Air conditioners and heat pumps often have “crankcase heaters” (also called “sump heaters”). Their purpose in life is to protect the compressor from refrigerant “migration” during off-cycle conditions when the compressor becomes cooler than other components in the system, causing refrigerant to condense in the compressor. Refrigerant can also migrate to the compressor when it isn’t cooler than other components because oil in a compressor sump absorbs refrigerant. Gravitational drainback of refrigerant to a compressor is another way for liquid refrigerant to fill an oil sump. Liquid refrigerant damages compressors directly, breaking pistons and valves. Excess refrigerant in a compressor’s oil sump also lowers lubricant viscosity, causing “scuffing” between sliding surfaces in the compressor.
Ironically, crankcase heaters are notorious for failing. Heat pumps can be designed to be tolerant of refrigerant migration, eliminating the need for crankcase heaters, so why aren’t they? Heat pumps with sump heaters are vestiges of older designs or old designers. Modern heat pumps should take advantage of refrigerant tolerant compressor technologies (eg, scroll compressors), compressor speed (inverter drive) control, digital refrigerant controls, and smaller heat exchanger tubing (eg, aluminum microchannels and 5mm diameter tubing). Many of these new technologies reduce unit cost and improve system efficiency, as seen in today’s very high efficiency mini-split heat pumps.
Crankcase heater energy is not included in yellow tag efficiency labels (see Figure 1). With a crankcase heater, the HSPF (Heating Seasonal Performance Factor) is actually 0 on days without heat pump operation! Today’s high performance homes are more susceptible to crankcase heater standby energy losses because heat is not needed until outdoor temperatures drop below 40 to 50F. Some sump heaters have temperature controls that activate the heater when outdoor temperatures are between 60 to 70F, while some heaters are always active whenever the compressor is inactive.
Residential heat pump crankcase heaters range from 40 to 70W of power. The amount of active heater time will vary depending on climate and home heating needs. For a high performance house that does not need significant heat until outdoor temperatures drop below 40F, as much as 2400 annual hours are at temperatures in the 40 to 65F range in northern tier climates while 700 to 1000 hours occur in milder, southern climates. A 70W heater active for 2000 hours per year would use 140kW-hours of electricity, or about $17, which is about half the energy used by a refrigerator and is sufficient for driving an electric vehicle 500 miles. An idle heat pump could potential use 4 times this energy per year (8000 hours).
Identifying heat pump units with crankcase heaters is not straightforward. Product brochures do not have heater details, however the Technical guide specifications typically do contain sump heater information. Figure 2 displays a component specification table from the Trane XR14 economy heat pump guide that showing none of the XR14 models have crankcase heaters.
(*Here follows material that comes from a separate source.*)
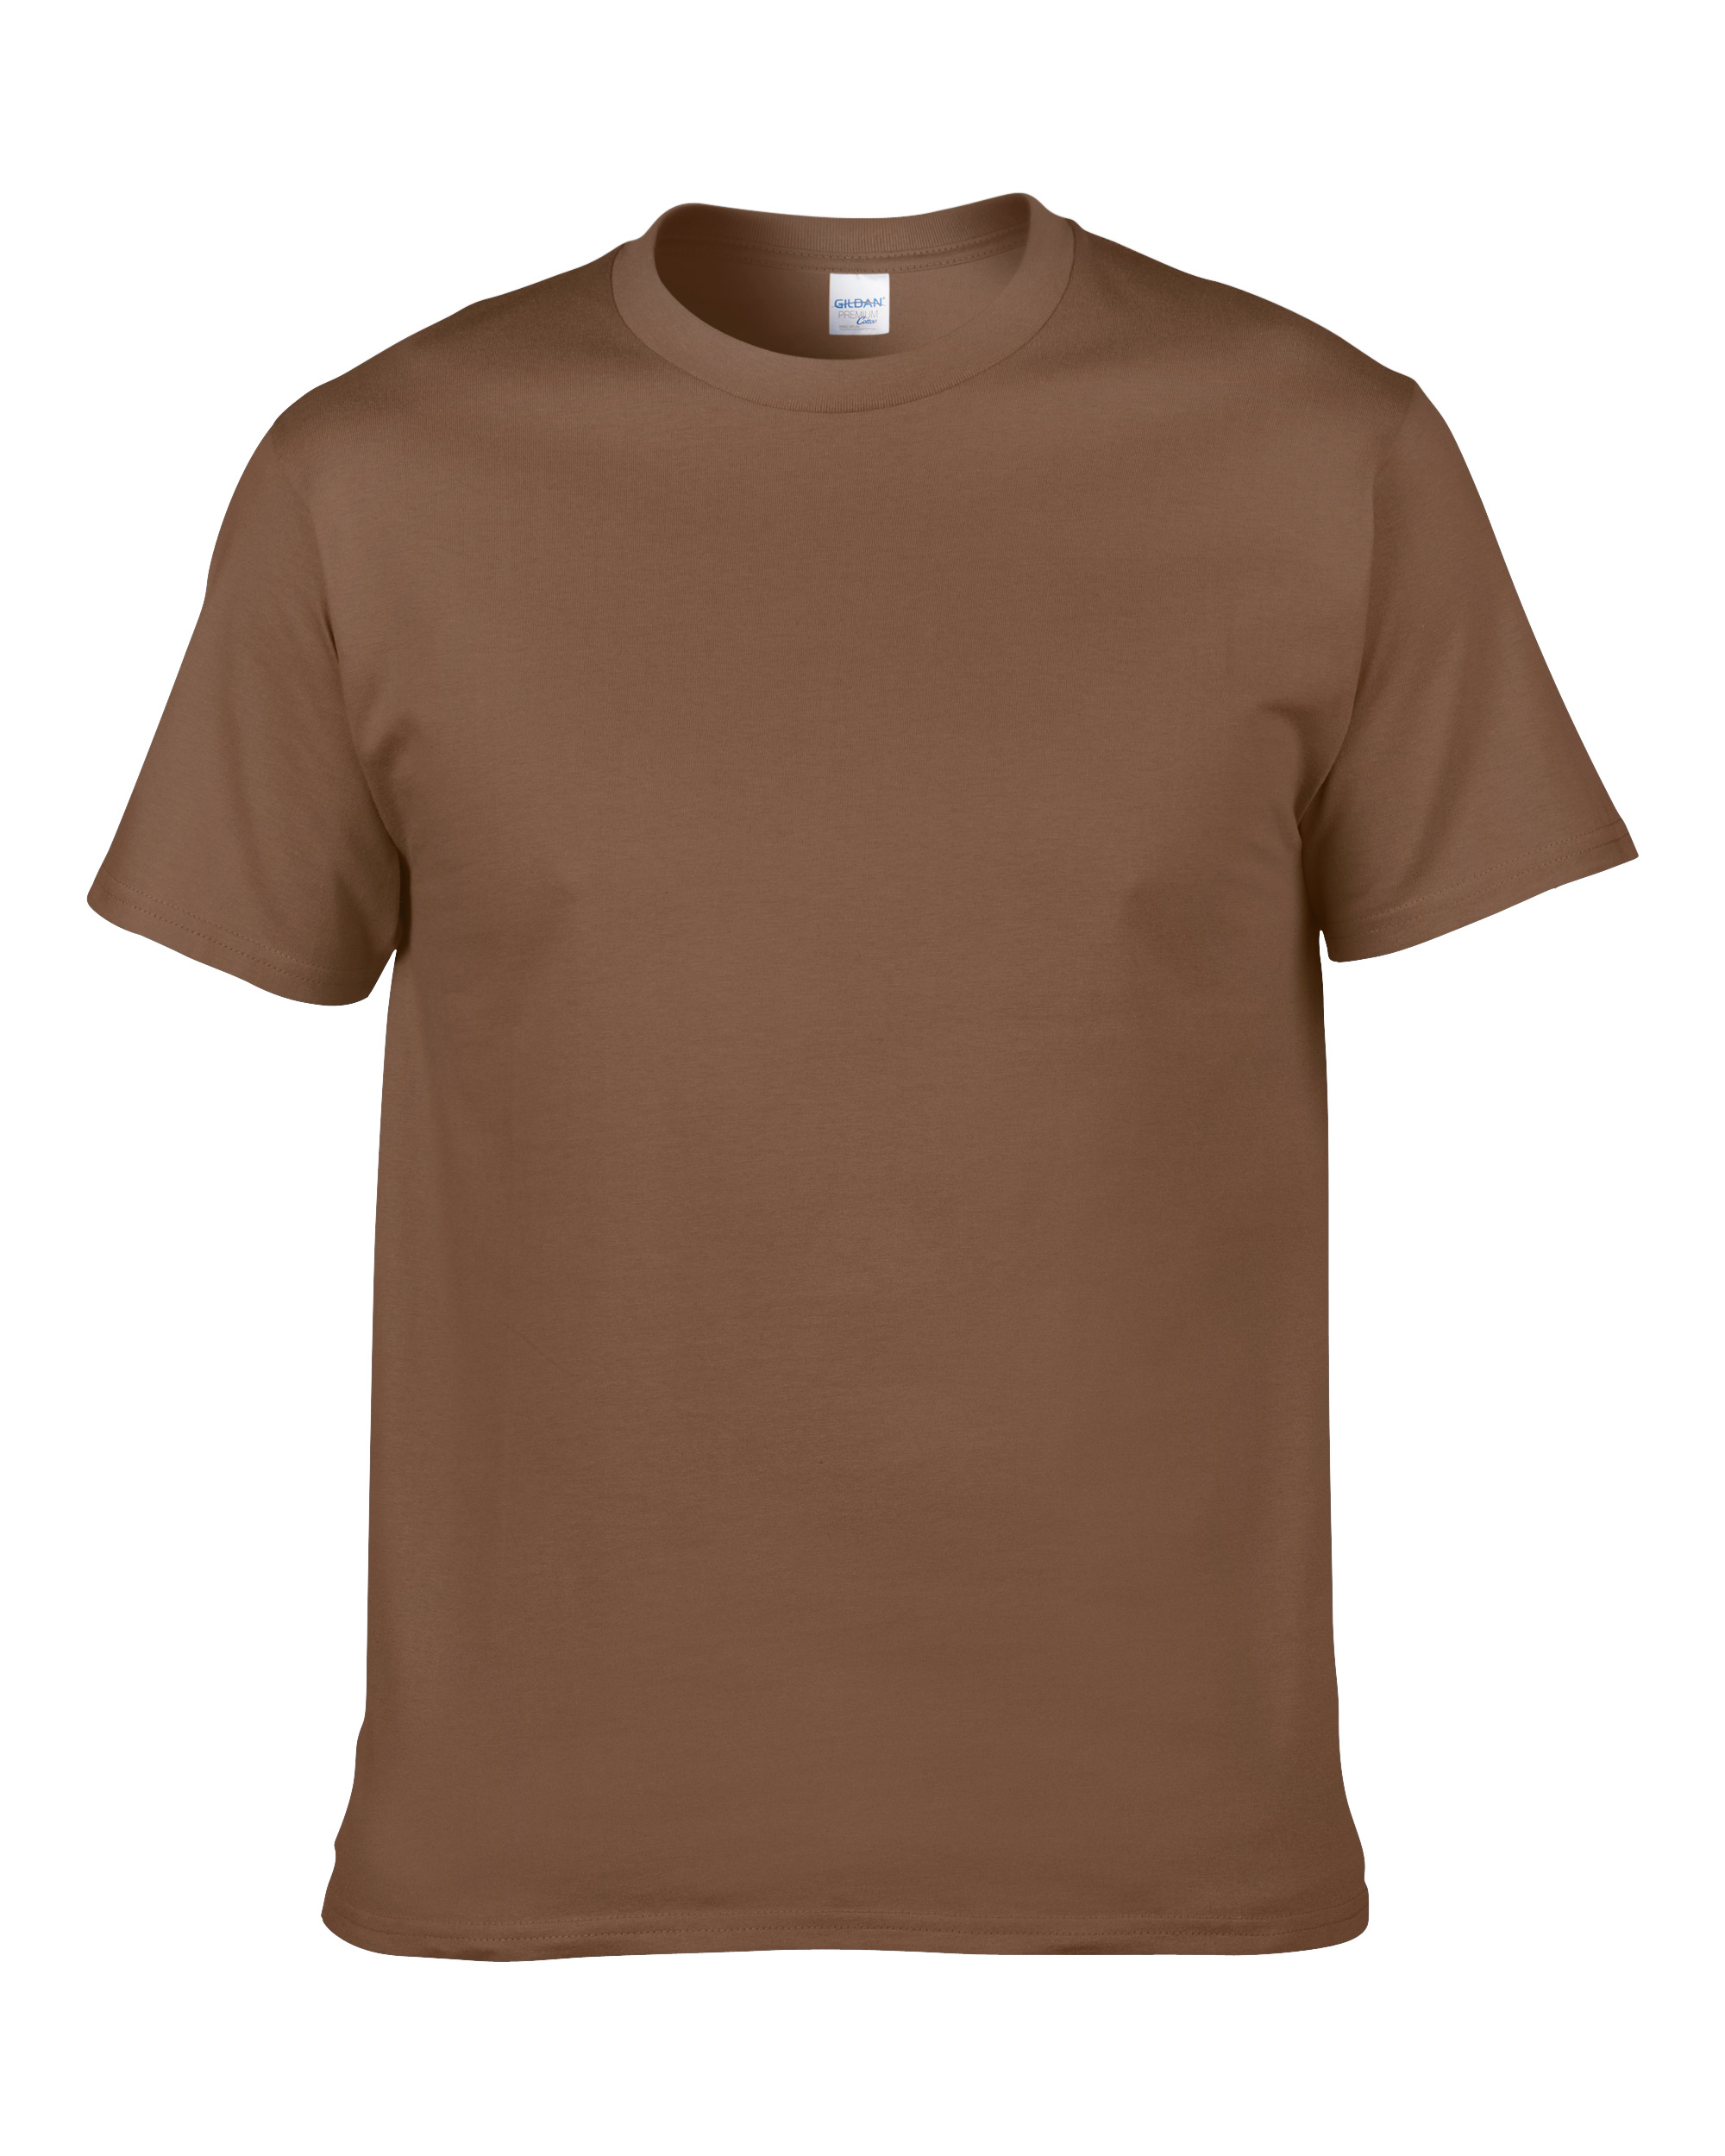 T shirt design kuala lumpur -  Gildan 76000 Premium Cotton T Shirt Chestnut 3 Celebratee No 1
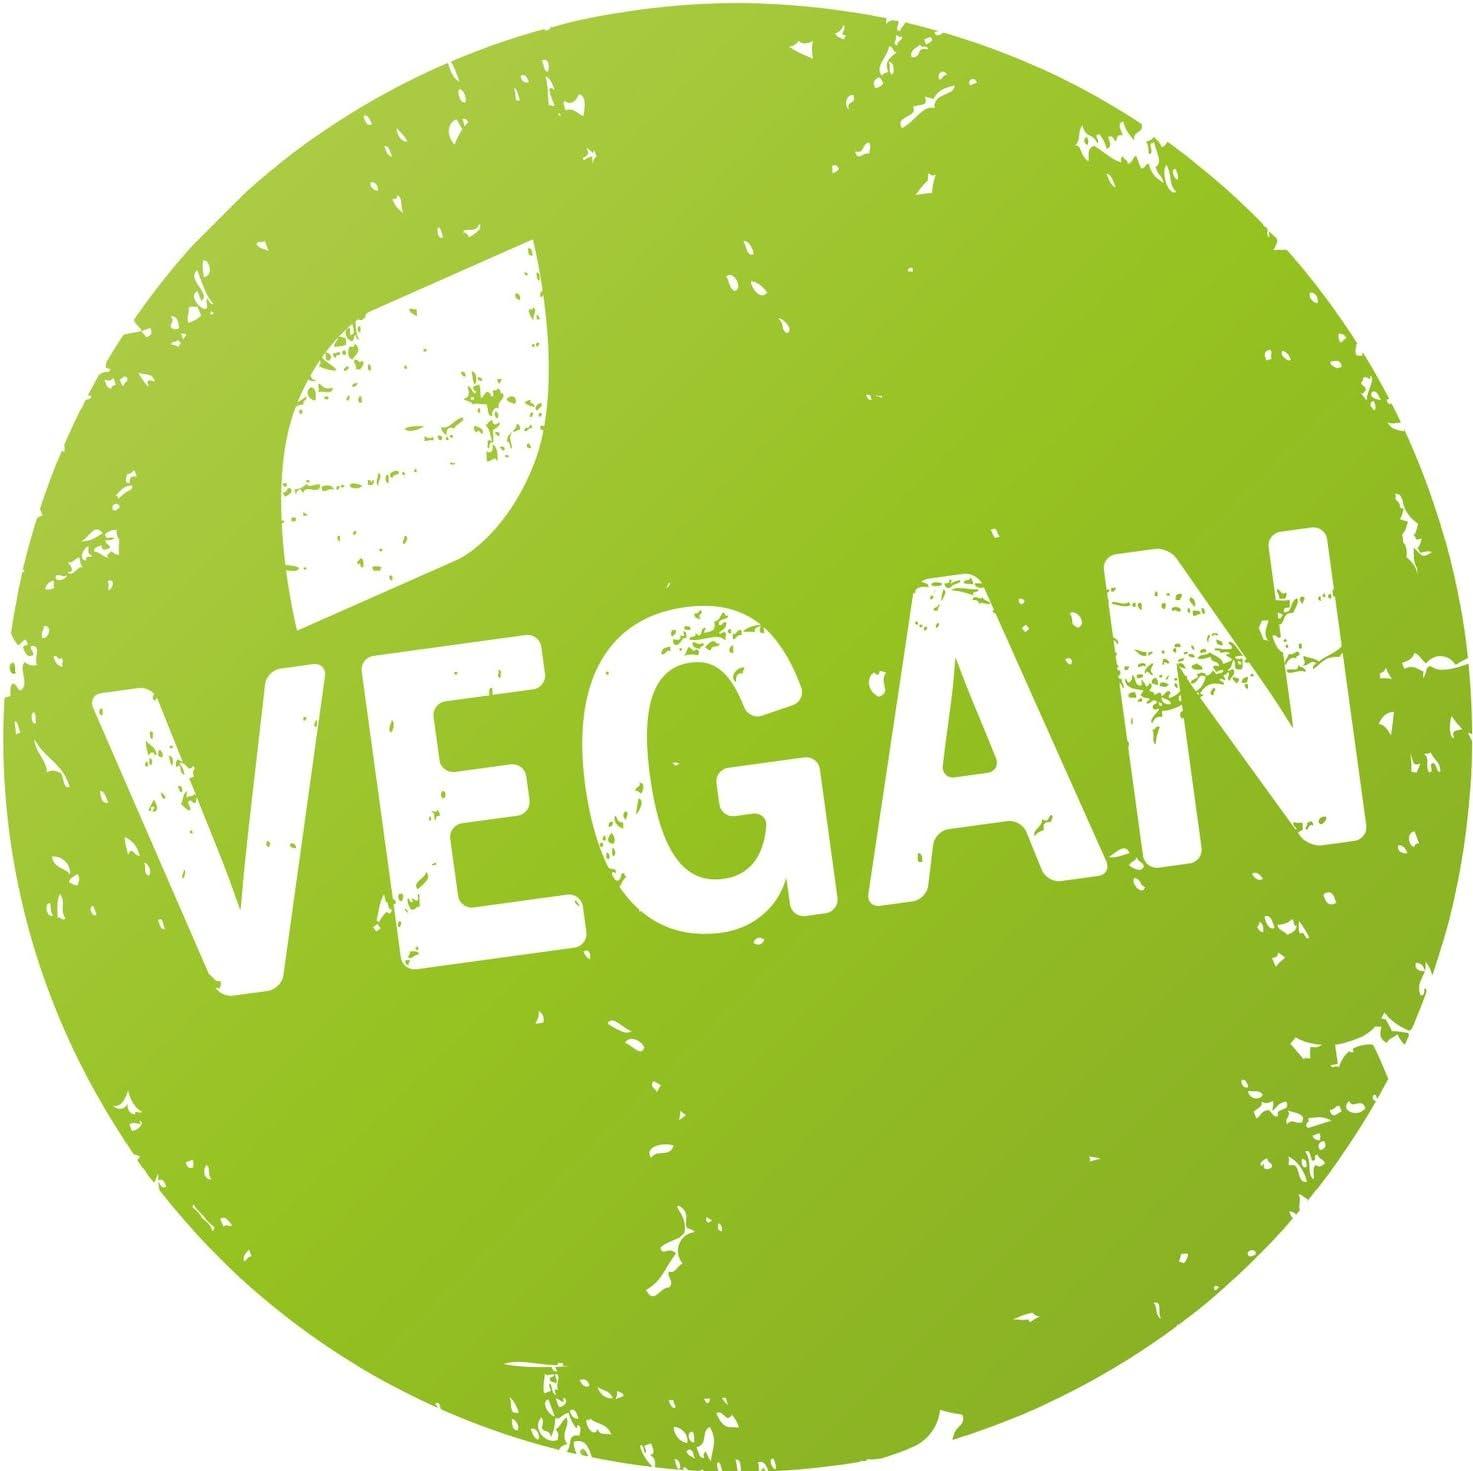 Finest Folia 500x Produkt Aufkleber Bio Vegan Glutenfrei Laktosefrei Vegetarisch R002 Vegan Auto

Figure 3 shows a similar technical specification guide for Trane’s high end XL20i series heat pumps, which conversely all contain crankcase heaters. Interestingly, Trane’s high end heat pumps are all inverter-drive, scroll compressors which tend to tolerate refrigerant migration.
We don’t want you to think we are picking on one company. Trane manufactures high quality equipment and is a leader in technology development. We can show the same with many other heat pump manufacturers. York, another manufacturer of high quality HVACR equipment, has similar product offerings and further demonstrates the confusing nature of crankcase heaters.
Figure 4 is the technical specification guide for York’s economy LX heat pump series. The specification guide table lists crankcase heaters for intermediate capacity heat pumps with “reciprocating” (piston) compressor, but no heaters for the 1 ½ ton (18,000Btu/h) and 5 ton (60,000Btu/h) scroll compressor models.
Figure 5 shows the technical specification for York’s premium Affinity heat pumps, listing crankcase heaters for all models even though all units use scroll compressors. It’s confusing!
The bottom line is to be aware of crankcase heaters, and that you can find models at all capacities that do not use crankcase heaters. Perhaps 140kW-hours per year of unneeded energy use doesn’t sound that bad, but over a heat pump’s lifetime, this energy might have provided 10,000 miles of EV driving.